**Problem to work on**
Exact copies of all the lines below are wanted, without a single picture.
*** Opening Information supplied ***
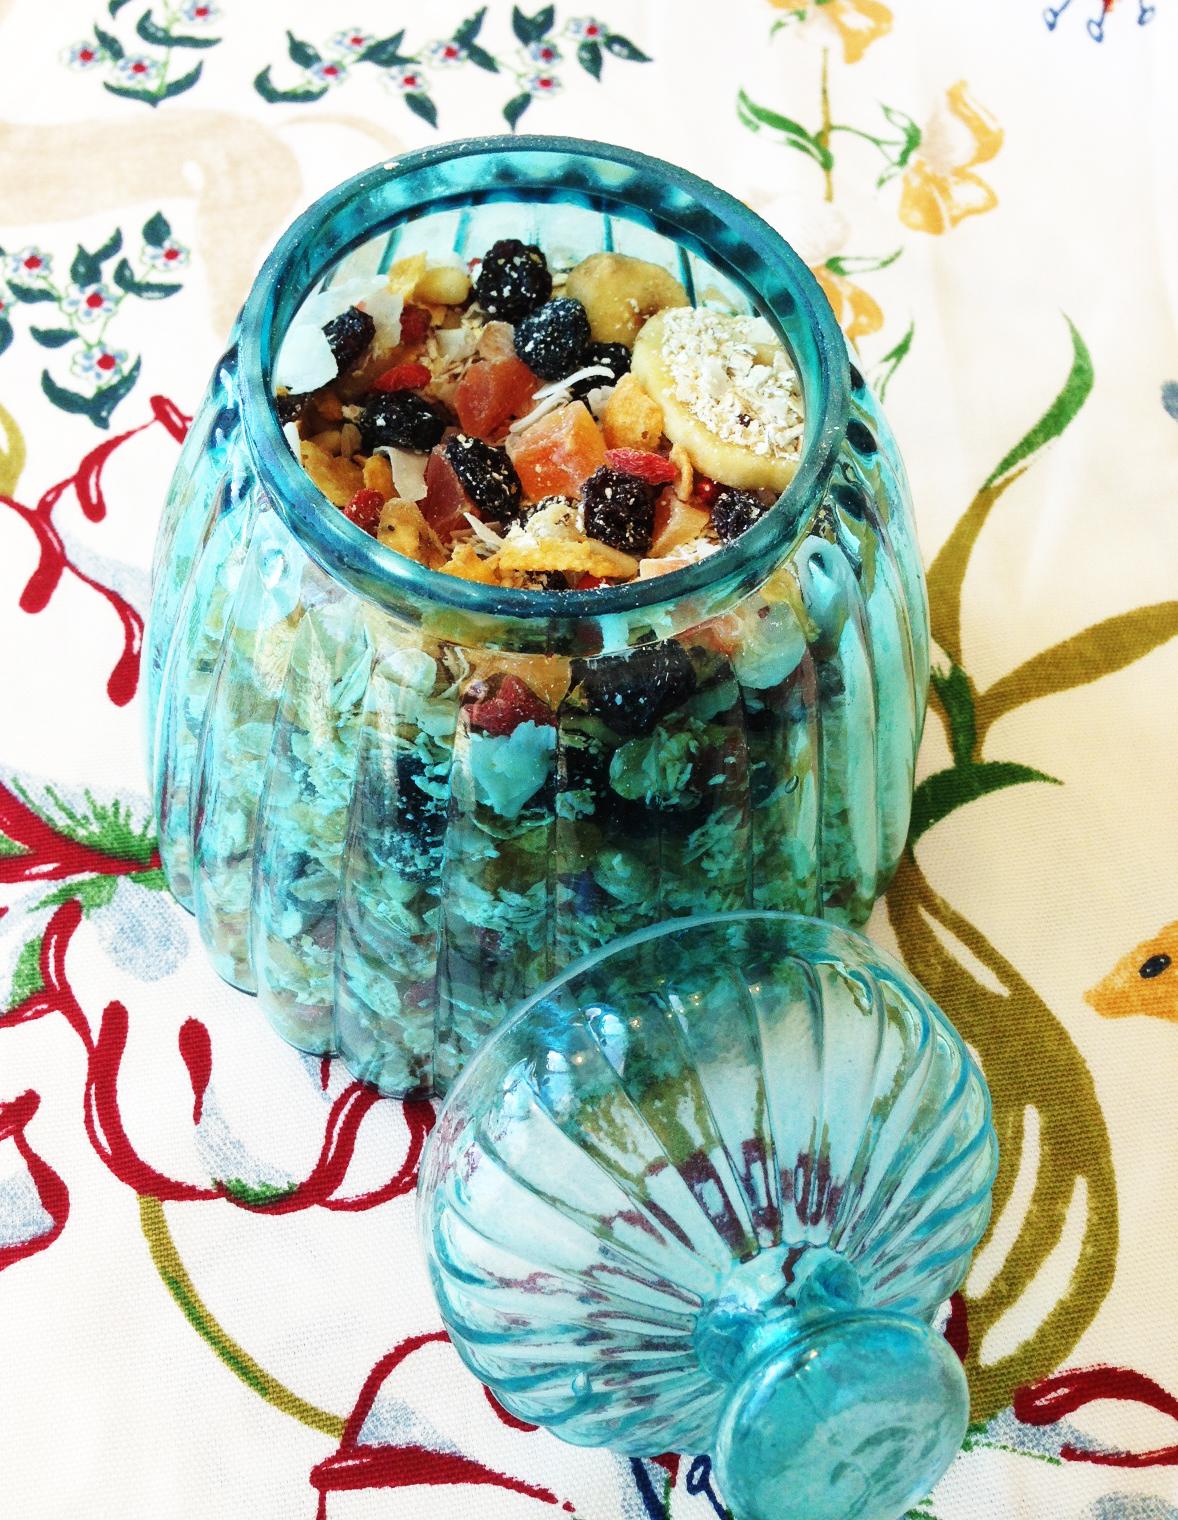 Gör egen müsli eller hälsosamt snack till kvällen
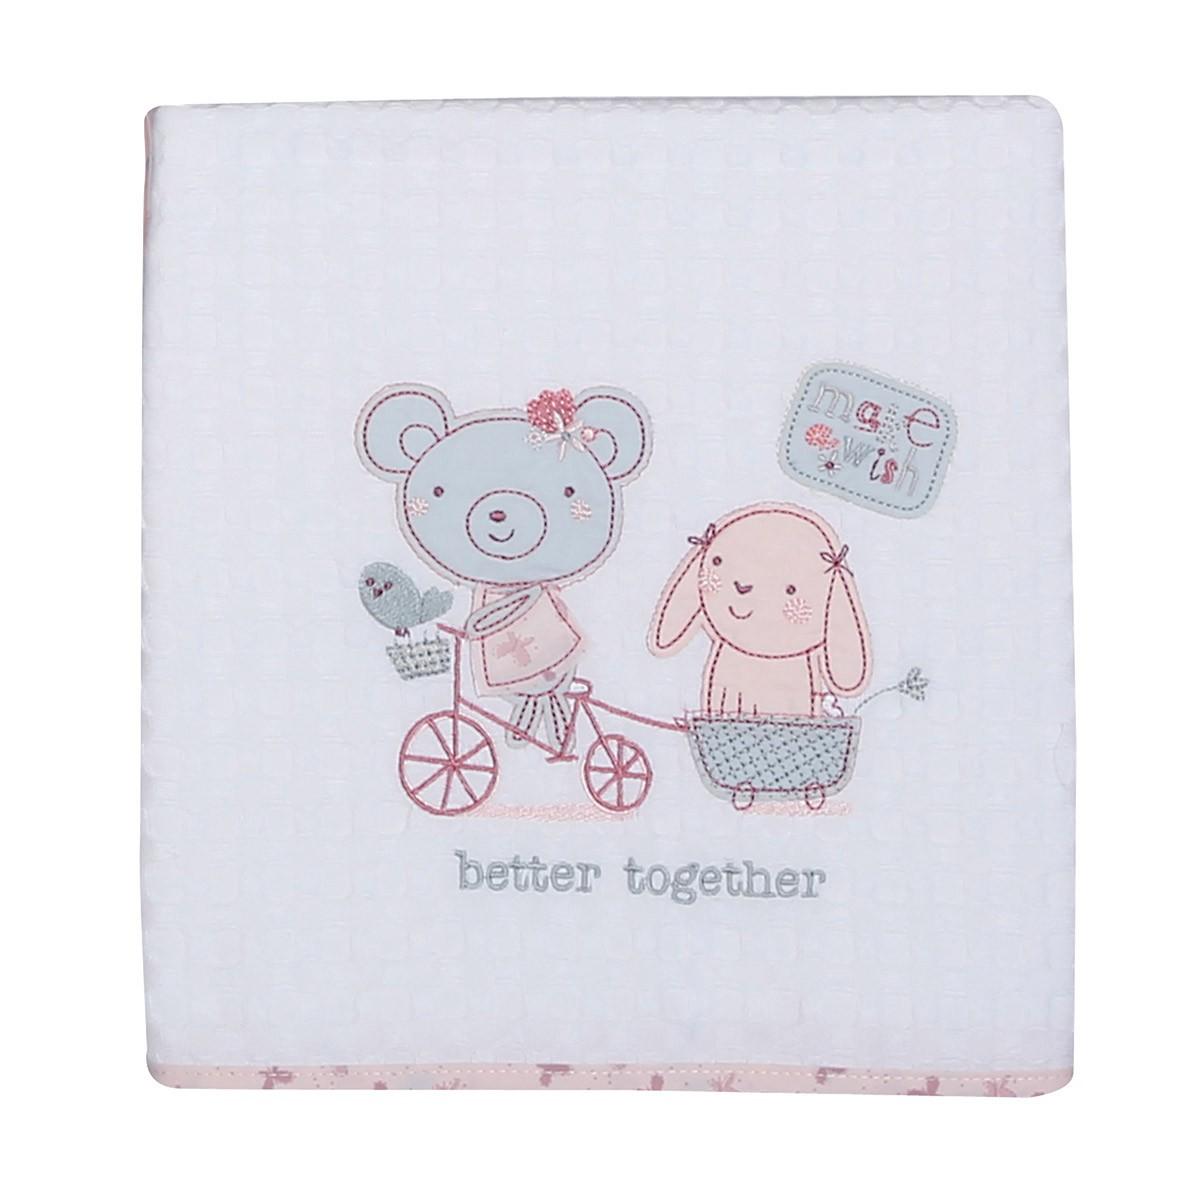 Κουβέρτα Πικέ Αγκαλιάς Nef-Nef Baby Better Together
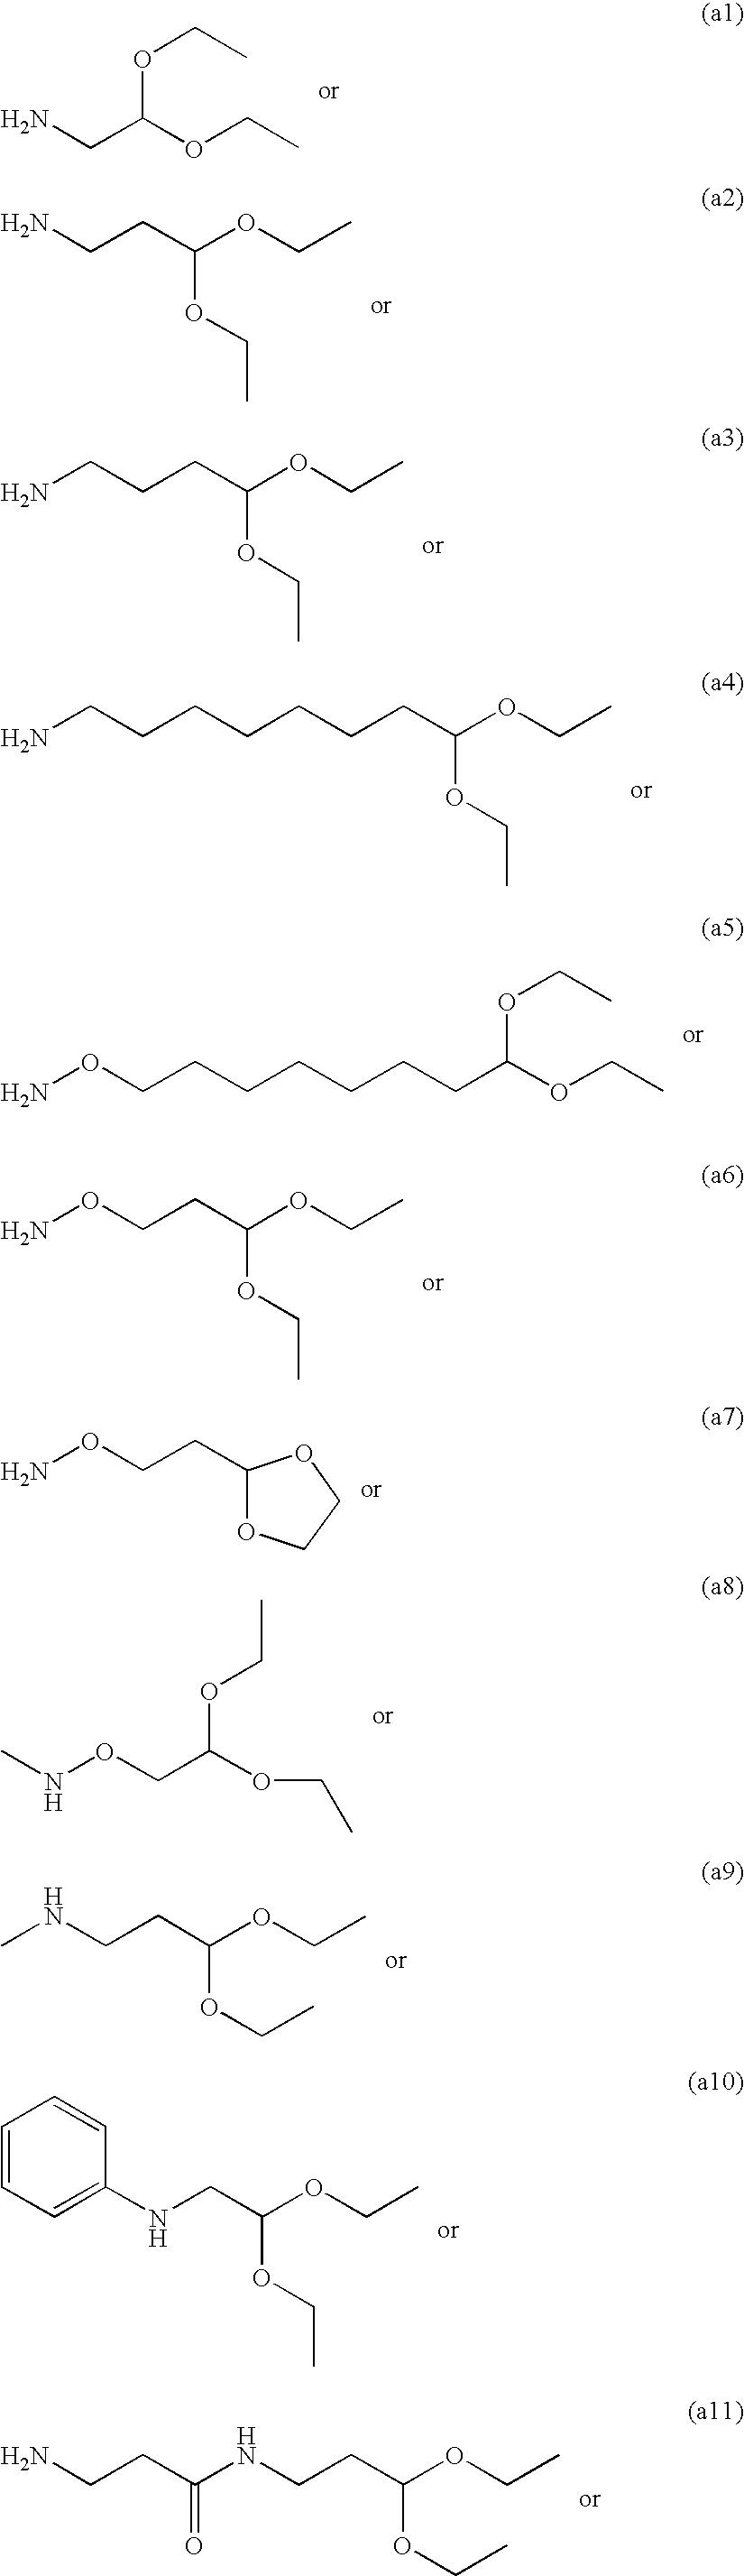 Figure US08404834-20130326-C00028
*** Closing Information supplied ***
**Expected output**
 Gör egen müsli eller hälsosamt snack till kvällen
 Κουβέρτα Πικέ Αγκαλιάς Nef-Nef Baby Better Together
 Figure US08404834-20130326-C00028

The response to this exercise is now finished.